As companies compete for market share, grow their businesses and work to increase profit margins, the business analyst (BA) has become a valuable asset. A business analyst explores ways to maximize a company's organization and increase efficiencies in its operations. Often the position, which is sometimes called a business systems analyst, requires examining the information technology (IT) structure which shares data among different disciplines within the company. There are times when the BA may work strictly on one facet of the company, such as IT, finance or sales.
The standard college degrees offered for a BA education are in business administration, typically requiring a major in business analysis. Having a degree is helpful in being hired for management level jobs, but it's not always essential for entry level positions. There are also certification programs available, which grant the title of certified business analyst. Having a sound business judgment, along with being a good troubleshooter, can earn you the job as well.
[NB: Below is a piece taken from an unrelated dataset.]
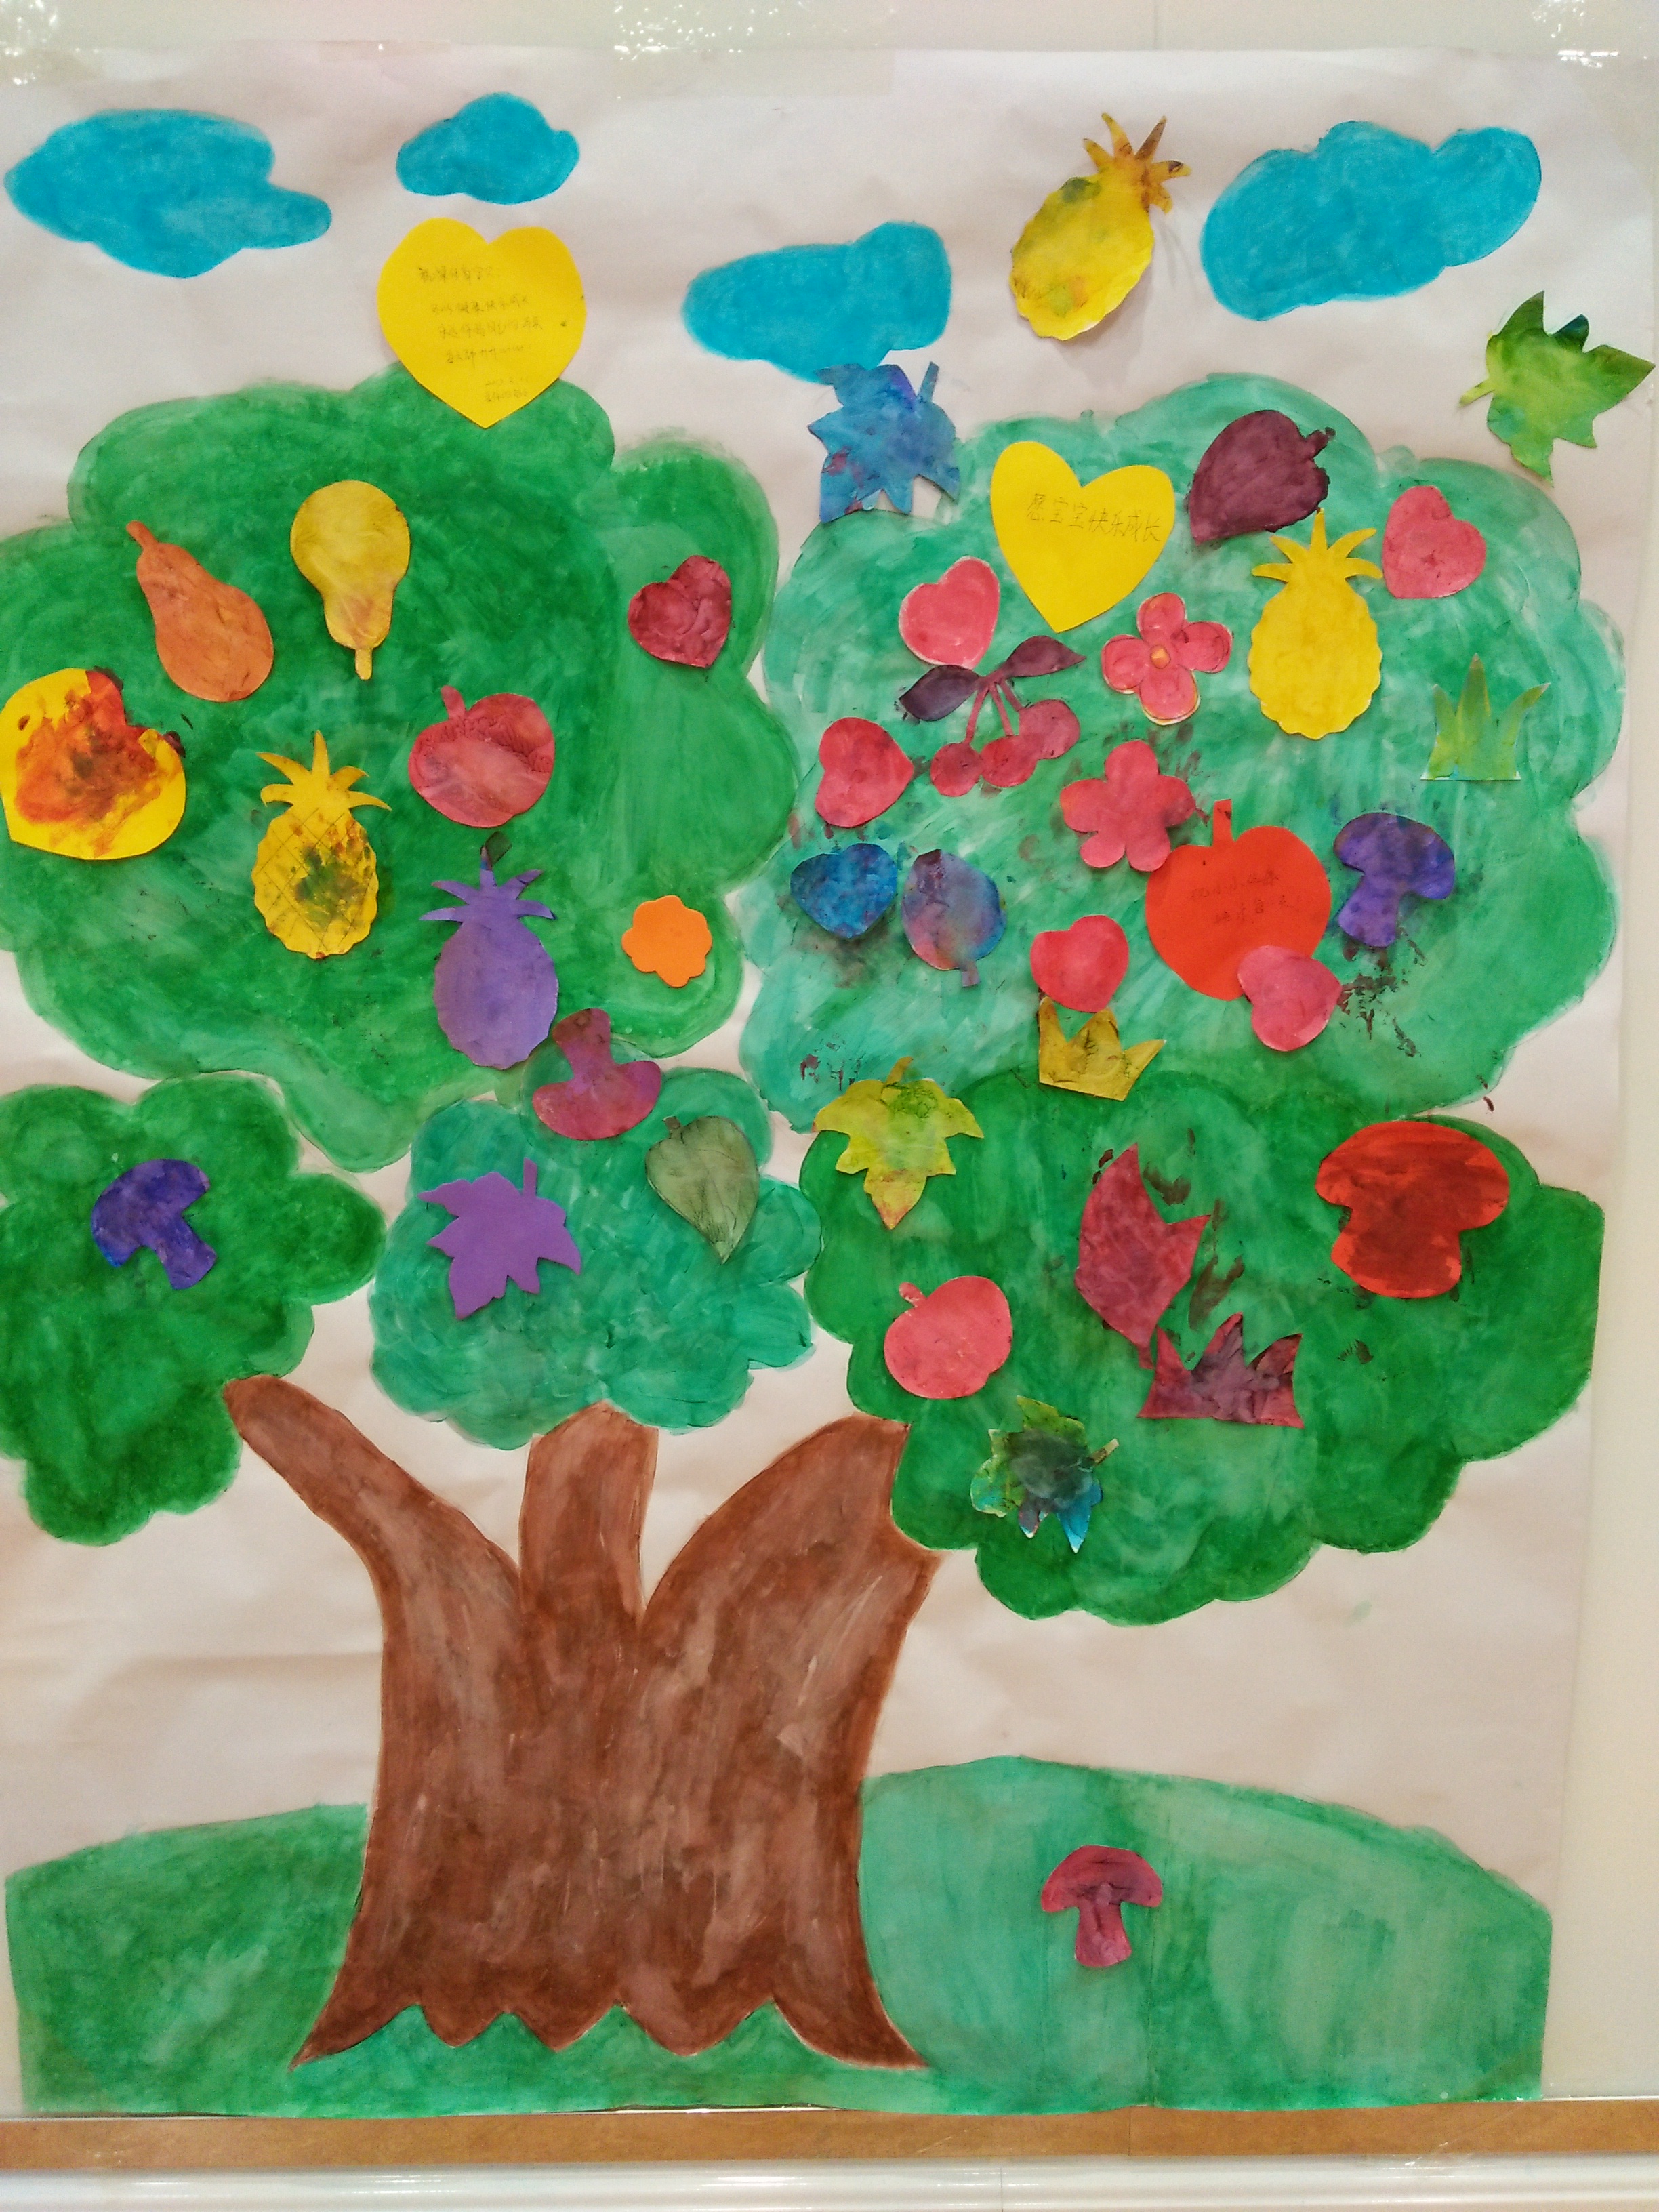 nyc纽约国际大连印象城早教中心:我伴小树共成长回顾

According to the International Institute of Business Analysis (IIBA), the business analyst "acts as a liaison among (a company's) stakeholders in order to elicit, analyze, communicate, and validate requirements for changes to business processes, policies and information systems."
There are three primary roles a business analyst can fulfill within the position. As a strategist, you'll advise upper management on suitable policies, structures and/or processes that align with the company's long term objectives. As an architect, you would design organizational frameworks that create efficiencies within current and future business models. And as a systems analyst, you align the company's operations with IT systems in order to create greater efficiencies in sharing data.
Because a company analysis can be a multi-dimensional project, it generally requires a project manager. The project manager directs all the activities performed during an initiative. For smaller projects, the BA may also fill the role of project manager; however, the two positions are typically distinct and require different training and experience. The BA will usually manage a set of requirements within the project, whereas the project manager will oversee the entire set of requirements and likely make presentations to decision makers or stakeholders.
At the point where a company's information systems are involved, a business systems analyst (BSA) is responsible for system requirements. His purpose is to both create system efficiencies and translate the business requirements into systems requirements. For example, if a user requirement is to "determine how the customer heard about us" then the BSA will develop a solution that allows company website visitors to enter a response into a database.
1) A condition or capability that must be met in order to fulfill a contract or meet a standard or some other formal measurement;
2) A condition or capability needed by a stakeholder to solve a problem or achieve an objective; or
3) Documentation of 1) or 2). Requirements are categorized by their function, role, or property as it relates to the analysis project. For example, a user requirement describes a need that must be fulfilled in order for an employee to perform their tasks.
· Enterprise Analysis:
o Examining the organizational architecture.
o Conducting feasibility studies to determine potential solution options and their viability.
o Strategic planning to determine the organization's future.
o Defining objectives and determining expected deliverables.
o Developing the business case to address the value and costs of a proposed solution.
o Assessing risks inherent with adopting a proposed solution.
o Determining the analysis team roles and responsibilities.
o Identifying the stakeholders to be involved in the analysis.
o Planning the work distribution among the analysis team.
o Defining the risks associated with the project.
o Developing project requirements and documentation.
o Selecting the analysis activities.
o Establishing goals and output estimates.
o Understanding the requirements scope.
o Determining measurements and reporting activities.
· Requirements Elicitation:
o Gathering data from various sources.
· Requirements Analysis and Documentation
o Analyzing and structuring the stakeholders' needs for use in implementing the solution.
o Describing the current and future state of the organization.
· Requirements Communications
o Creating a communications plan.
o Uncovering communication risks and problems.
o Managing requirements conflicts.
o Packaging the requirements communications.
o Making presentations to stakeholders and decision makers.
o Conducting a requirements review.
o Obtaining requirements approval.
o Exploring alternate solutions.
o Communicating the impact of solutions.
o Managing quality assurance and implementation of solutions.